==== Material provided
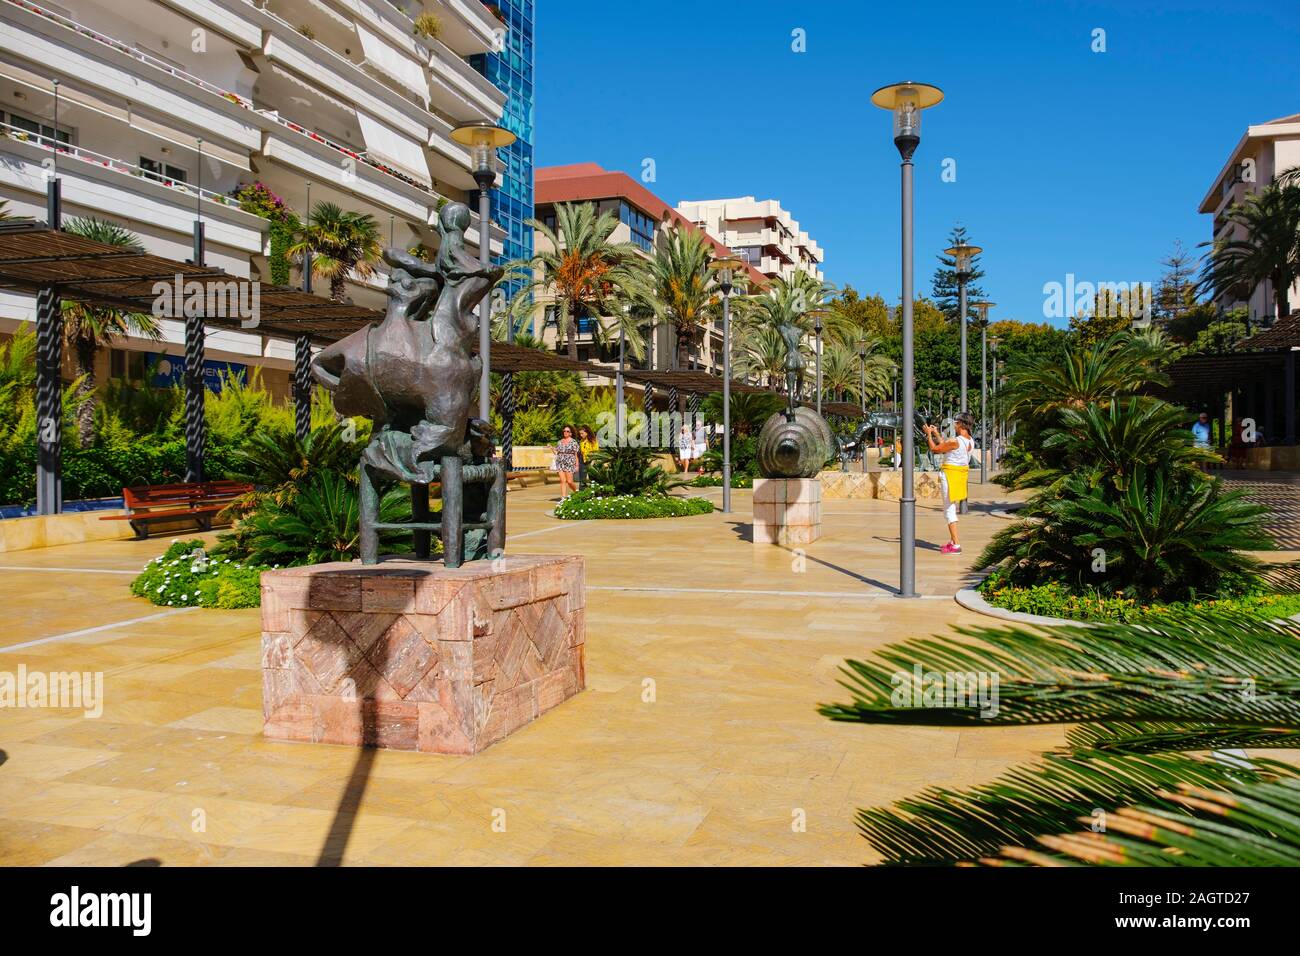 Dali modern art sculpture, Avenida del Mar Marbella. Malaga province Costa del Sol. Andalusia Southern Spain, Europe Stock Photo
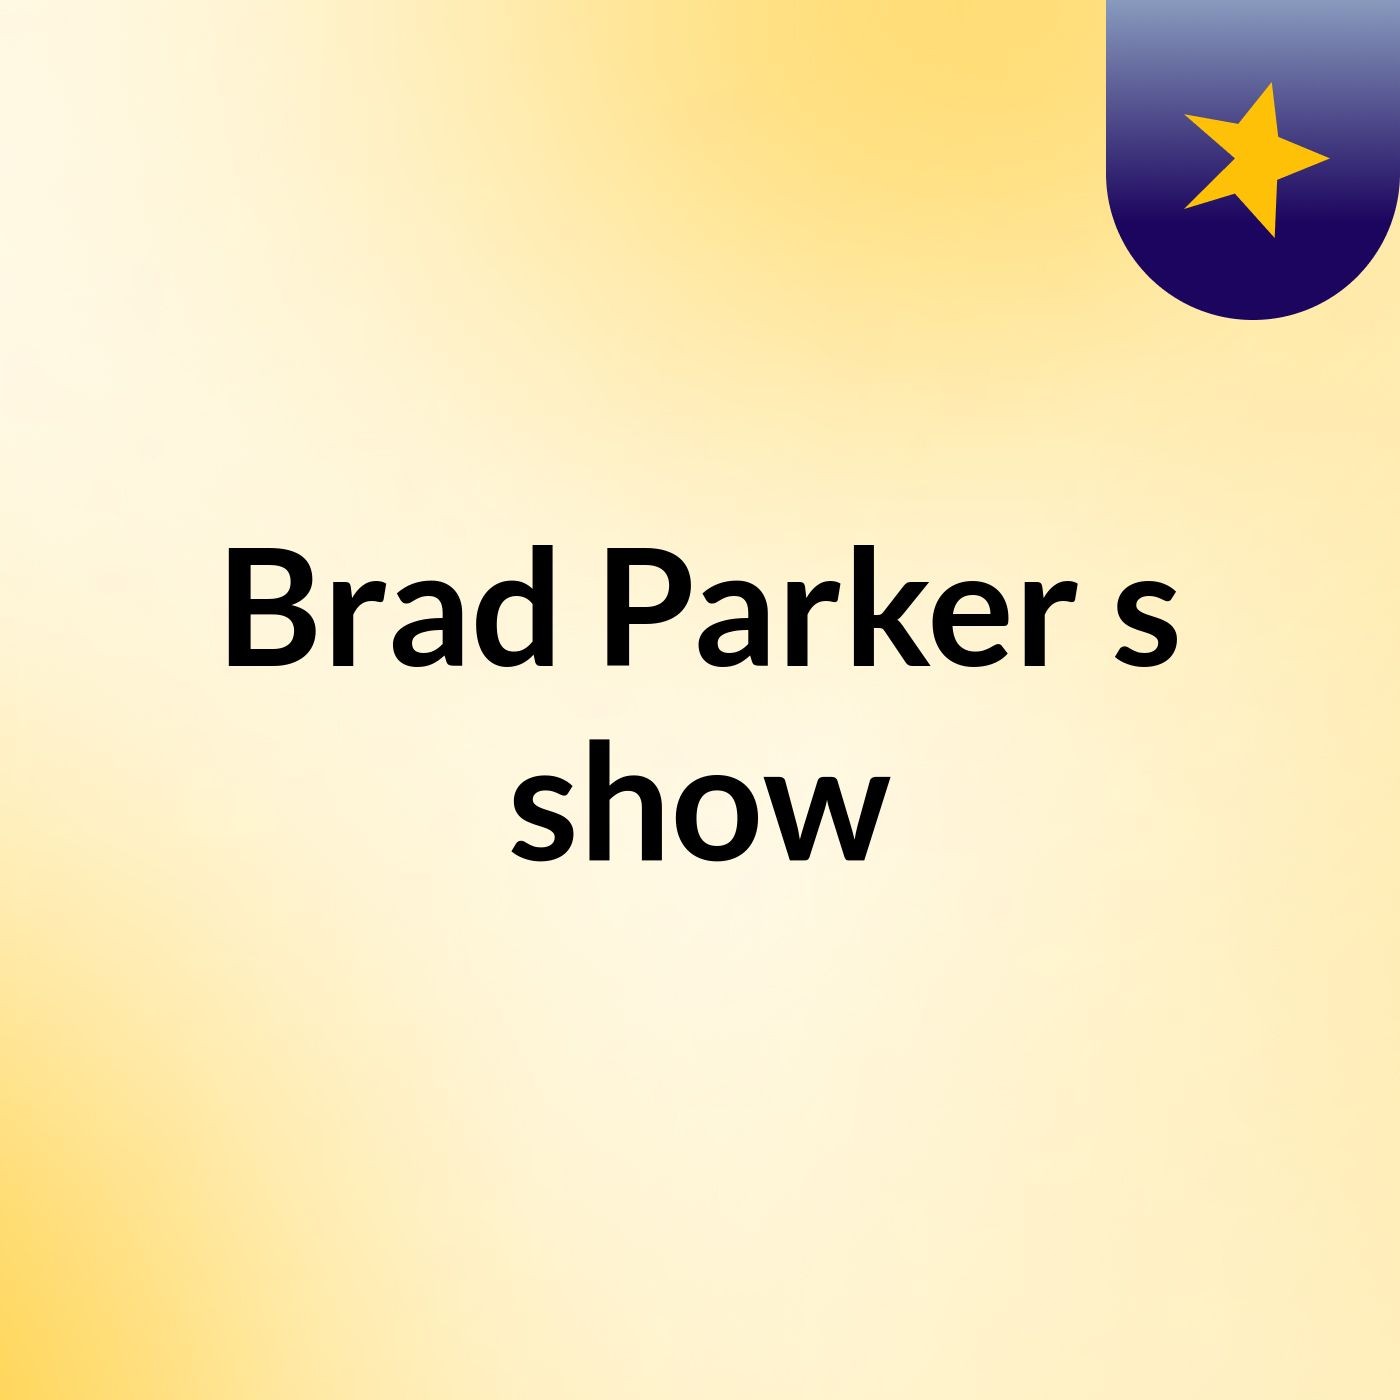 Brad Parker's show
========
==== Material provided
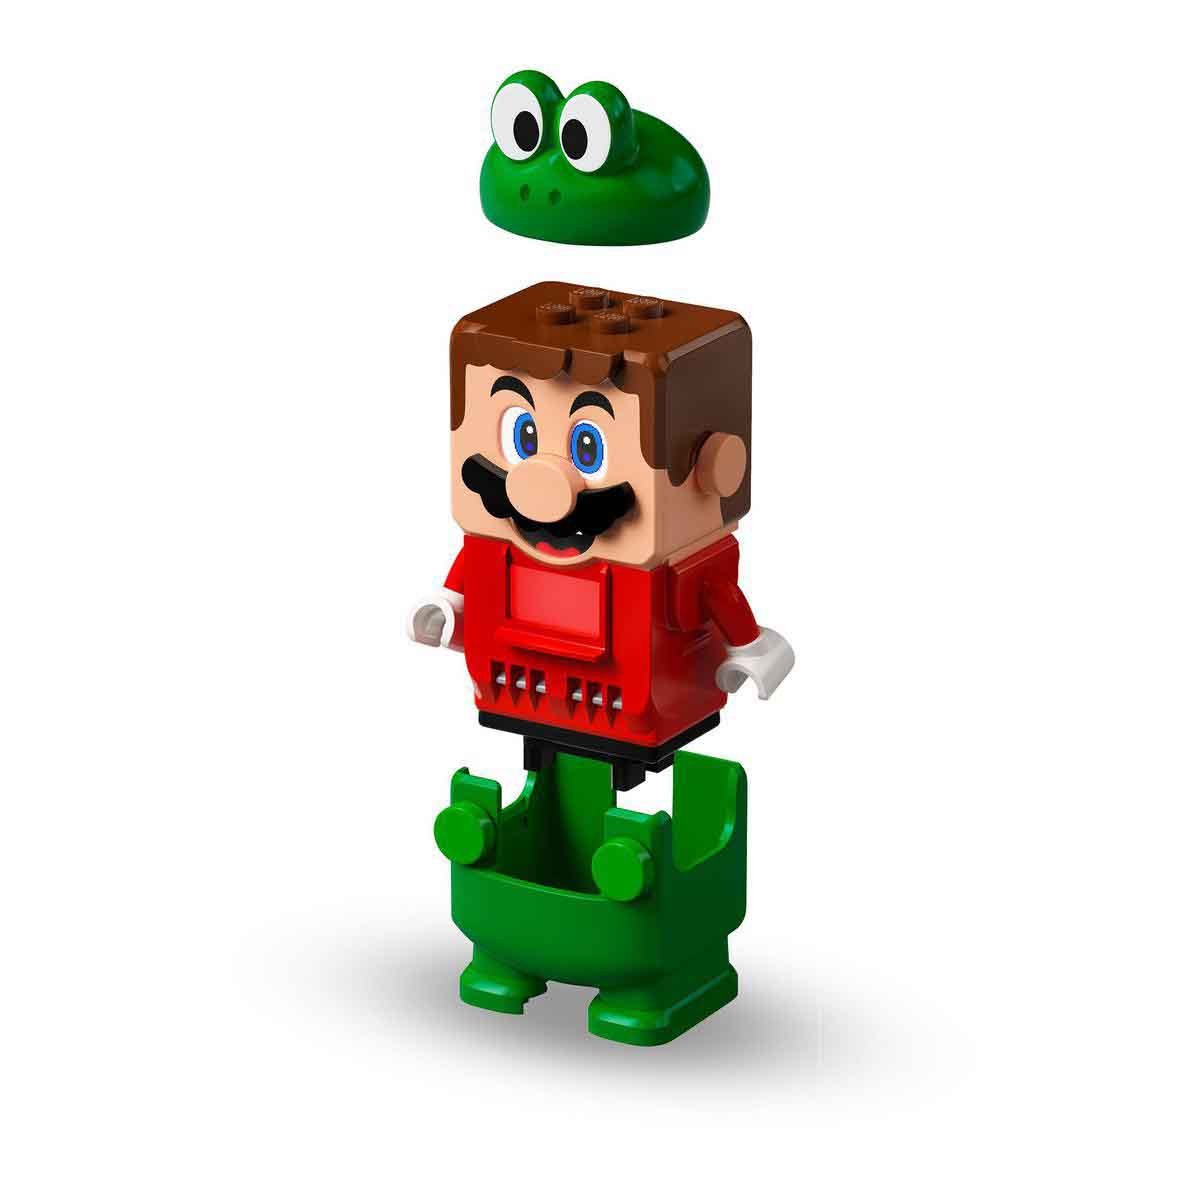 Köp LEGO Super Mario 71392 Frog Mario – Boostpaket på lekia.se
========
** Work order **
Within the listing above, the stretch from the line with "Dali modern art" down to the line with "Brad Parker's show" is to be given again exactly, end lines included and pictures excluded.

** Response box **
 Dali modern art sculpture, Avenida del Mar Marbella. Malaga province Costa del Sol. Andalusia Southern Spain, Europe Stock Photo
 Brad Parker's show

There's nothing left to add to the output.